All lines from the one containing "deliberate on extra" down to the one containing "Sorry, we are", both ends included, are to be given again exactly; omit the rest of the listing below.

- [Task input]
★ ★ ★ ★ ★
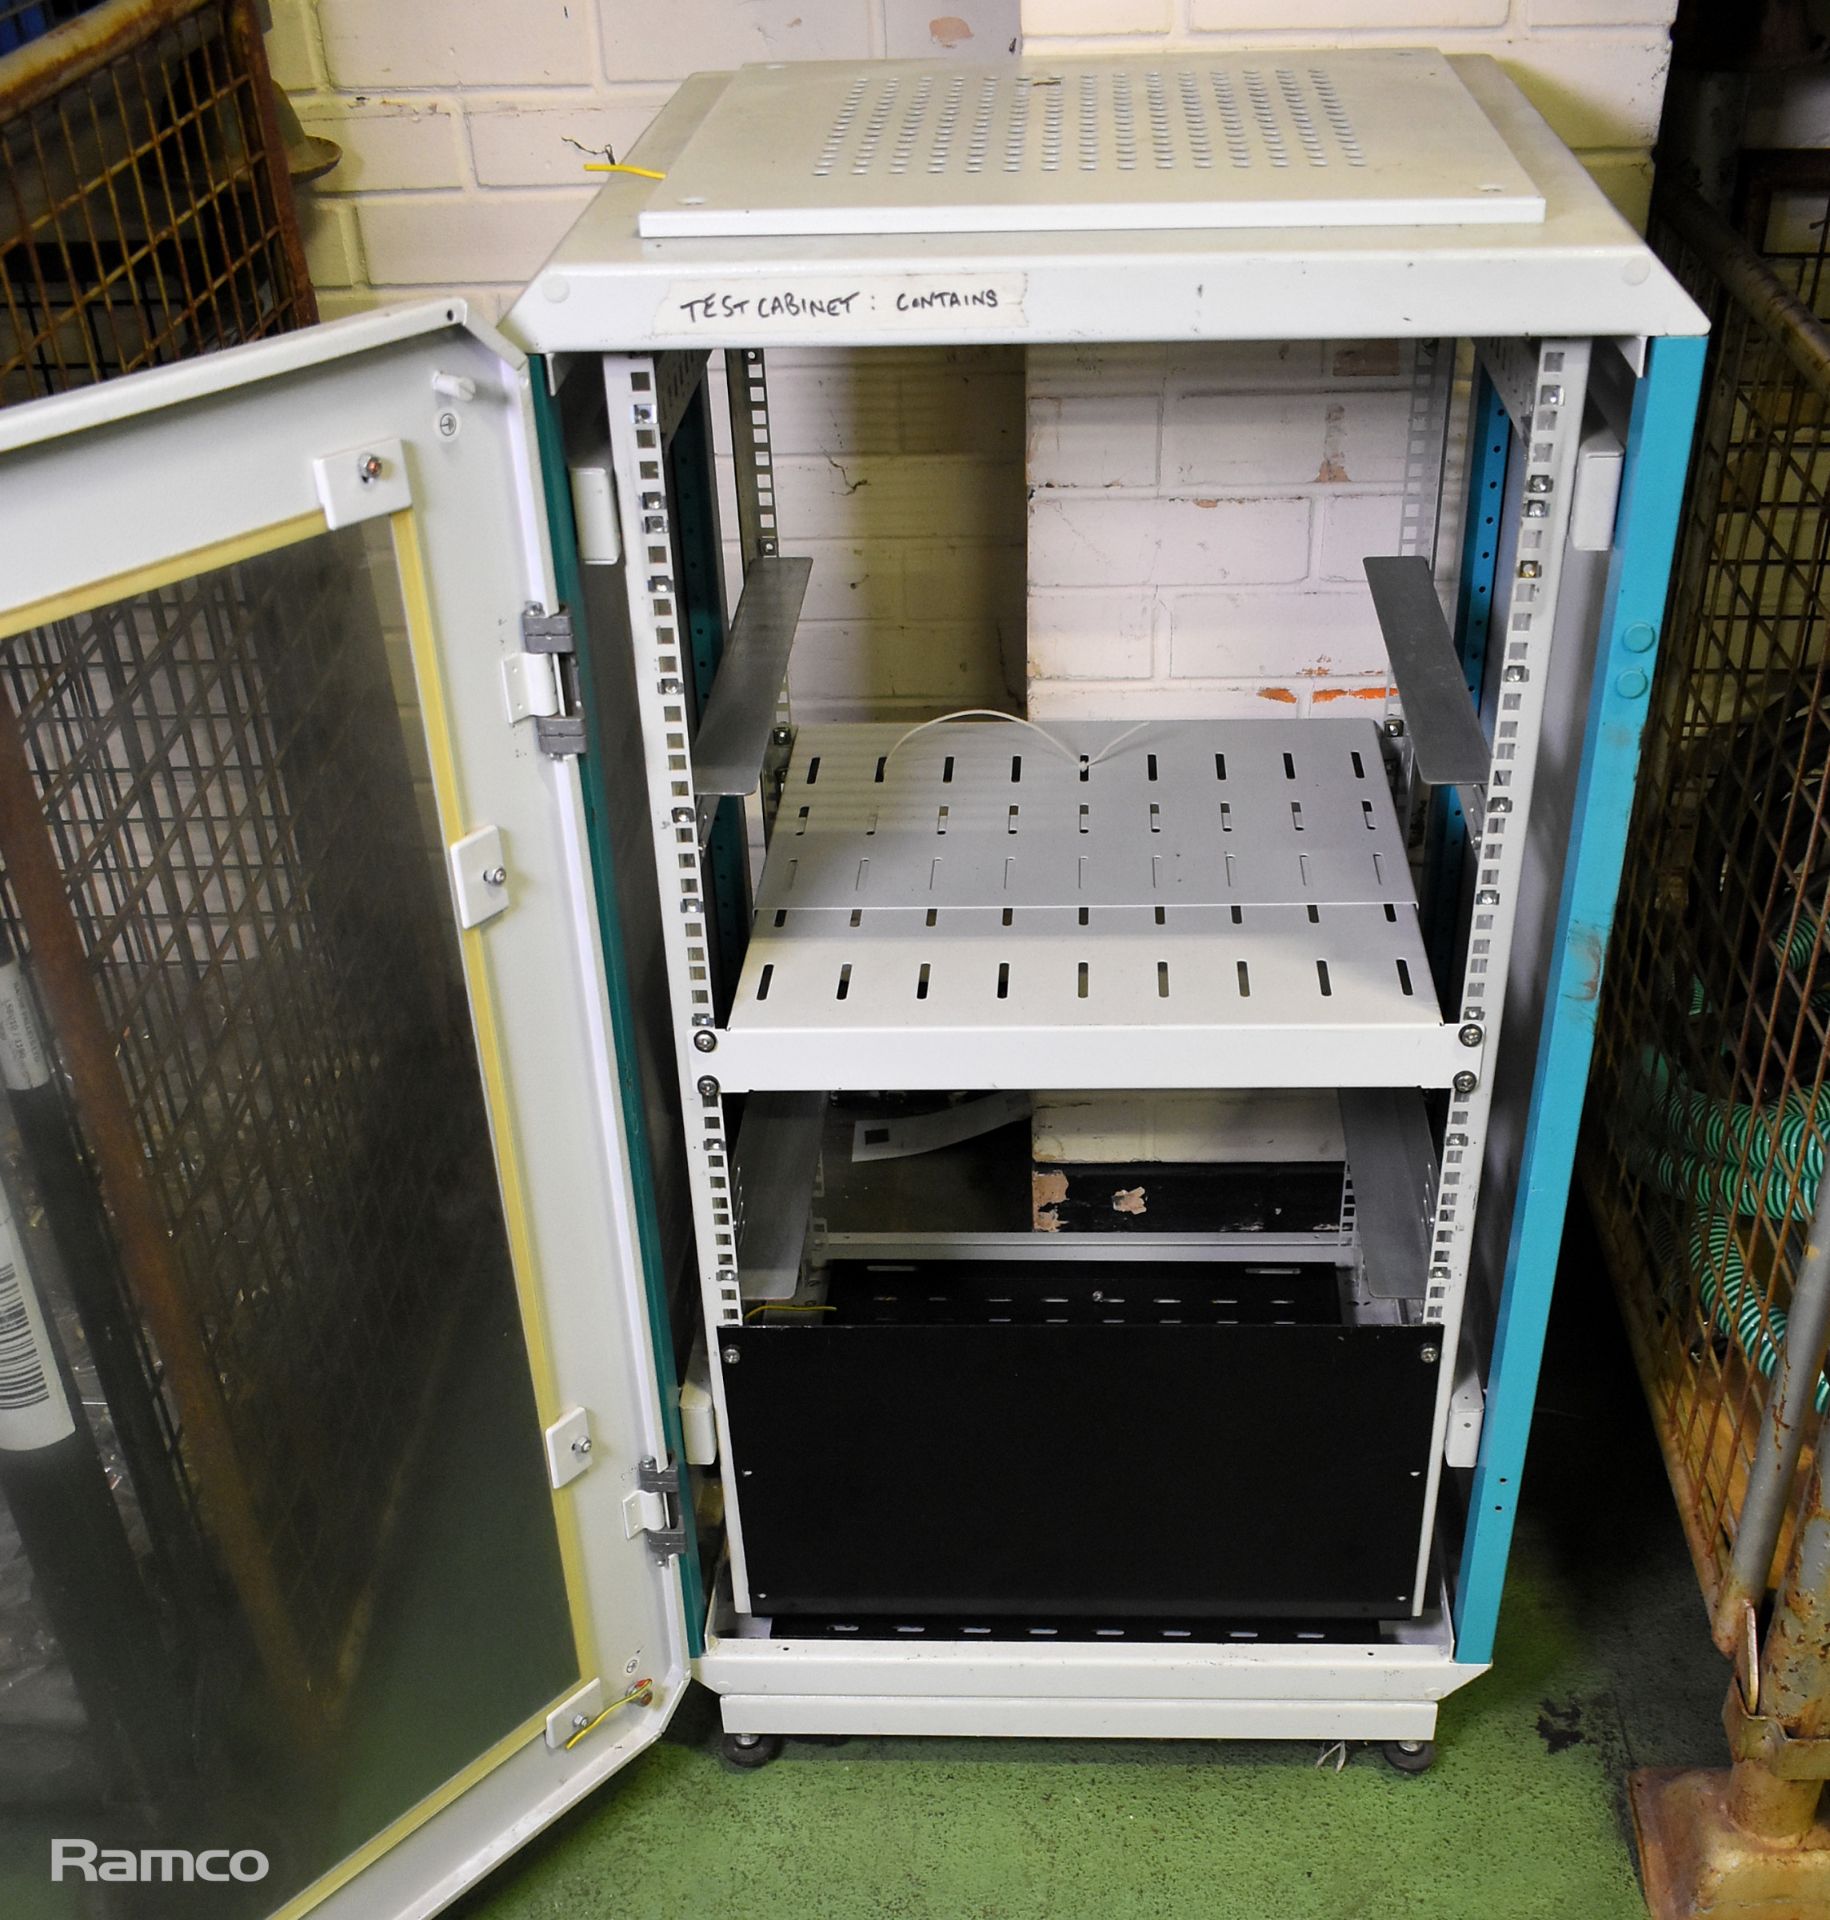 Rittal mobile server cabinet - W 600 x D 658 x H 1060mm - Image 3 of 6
★ ★ ★ ★ ★
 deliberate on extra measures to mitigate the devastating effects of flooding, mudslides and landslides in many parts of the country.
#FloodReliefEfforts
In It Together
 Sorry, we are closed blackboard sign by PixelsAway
★ ★ ★ ★ ★
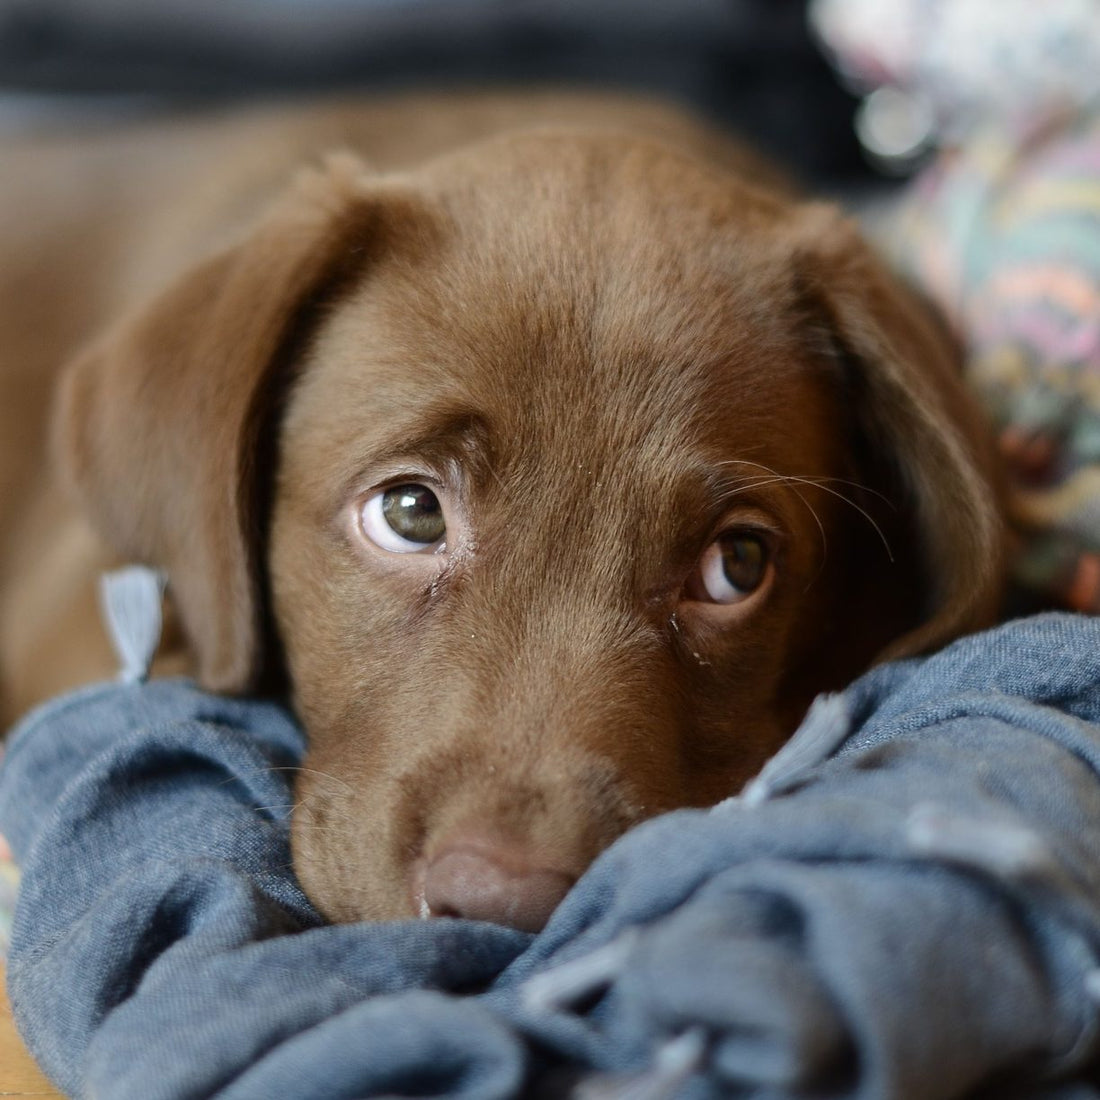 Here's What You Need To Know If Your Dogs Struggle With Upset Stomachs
★ ★ ★ ★ ★
- [Worked solution]
 deliberate on extra measures to mitigate the devastating effects of flooding, mudslides and landslides in many parts of the country.
#FloodReliefEfforts
In It Together
 Sorry, we are closed blackboard sign by PixelsAway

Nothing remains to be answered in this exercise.